Comparing our dataset with EORC data from six studies using next‐generation sequencing, we found 16 commonly altered genes, of which ATM, APC, and MSH2 showed the highest number of germline variants (Supplementary Table S6 and Supplementary Figure S2).

The detection of germline variants is important not only for diagnosis and genetic counseling but also for determining therapeutic strategies. Particularly, patients with MMR variants could benefit from immune checkpoint inhibition (anti‐PD‐1 antibodies, such as pembrolizumab). Variants in HR genes (mainly BRCA1/2, CHEK2, and ATM) may indicate sensitivity to poly(ADP‐ribose) polymerase inhibitors and platinum‐based chemotherapy [10]. We found that two patients presented with CHEK2 variants. In a recent pan‐cancer analysis with 11,947 patients and more than 50 types of cancer, P/LP variants in genes with therapeutic implications were found in 9% of patients [10]. Most of the germline variants with therapeutic actionability were identified in HR (BRCA1/2: 42%; CHEK2: 13%; and ATM: 12%) and MMR genes (11%) [10]. We also found germline variants in other genes with therapeutic relevance: EGFR, KRAS, and NF1. Advanced non‐small cell lung cancers with EGFR mutations are treated with tyrosine kinase inhibitors. Currently, several KRAS inhibitors have been tested in solid tumors, including CRC. Sunitinib and selumetinib target therapies have been used in patients with NF1 germline variants.

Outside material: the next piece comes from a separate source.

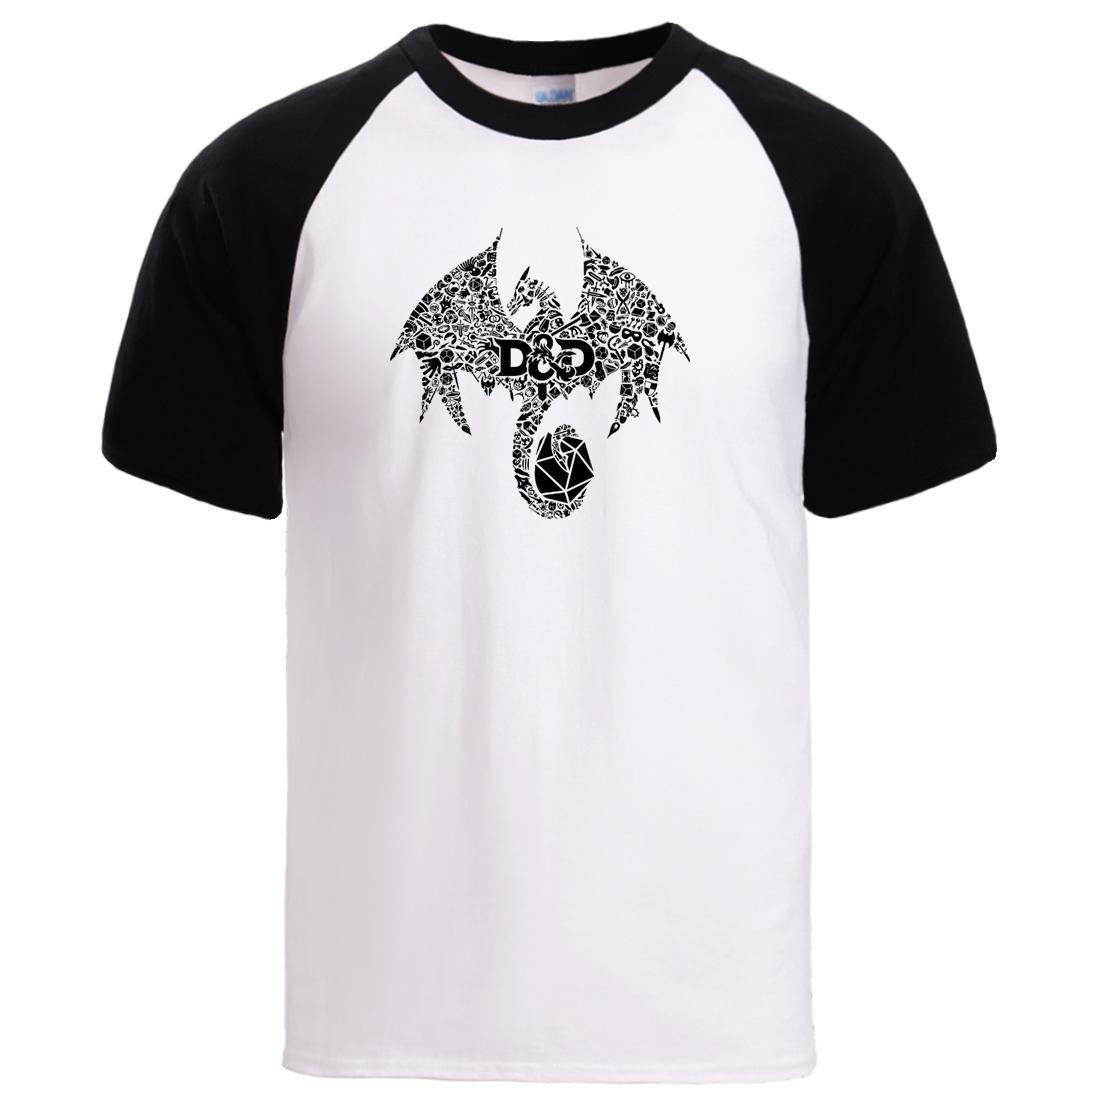 Mosaico Drago magliette 2020 Mens estate allentato cotone Maniche corte Maglia Tshirt Uomo casuale Raglan manica magliette dell'uomo tee shirt

Environmental factors (diet, obesity, and alterations in the gut microbiome) and low penetrance genetic variants may contribute to the pathogenesis of rectal cancer. In addition, the identification of germline variants in EORC patients has implications not only for diagnosis and genetic counseling but also for prognosis prediction and treatment selection. We identified a high frequency of EORC patients harboring germline variants (∼73%), mainly in HR/MMR genes, oncogenes, and tumor suppressors; of which some could be actionable targets for treatment. Screening programs should be implemented for all patients with EORC, regardless of their family history, and could be helpful to reverse the morbidity associated with the disease.

DECLARATIONS

FUNDING

This study was supported by grants from the Region of Southern Denmark Research Fund, Denmark, and the National Institute of Science and Technology in Oncogenomics (INCITO, FAPESP #2008/57887‐9 and CNPq #573589/08‐9), Brazil. Caroline Moraes Beltrami received a fellowship from the National Council for Scientific and Technological Development (CNPq #371497/2013‐2). Luisa Matos do Canto received a fellowship from the São Paulo Research Foundation (FAPESP #2014/06323‐9 and #2015/25803‐4).

CONFLICTS OF INTEREST

The authors declare no competing interests.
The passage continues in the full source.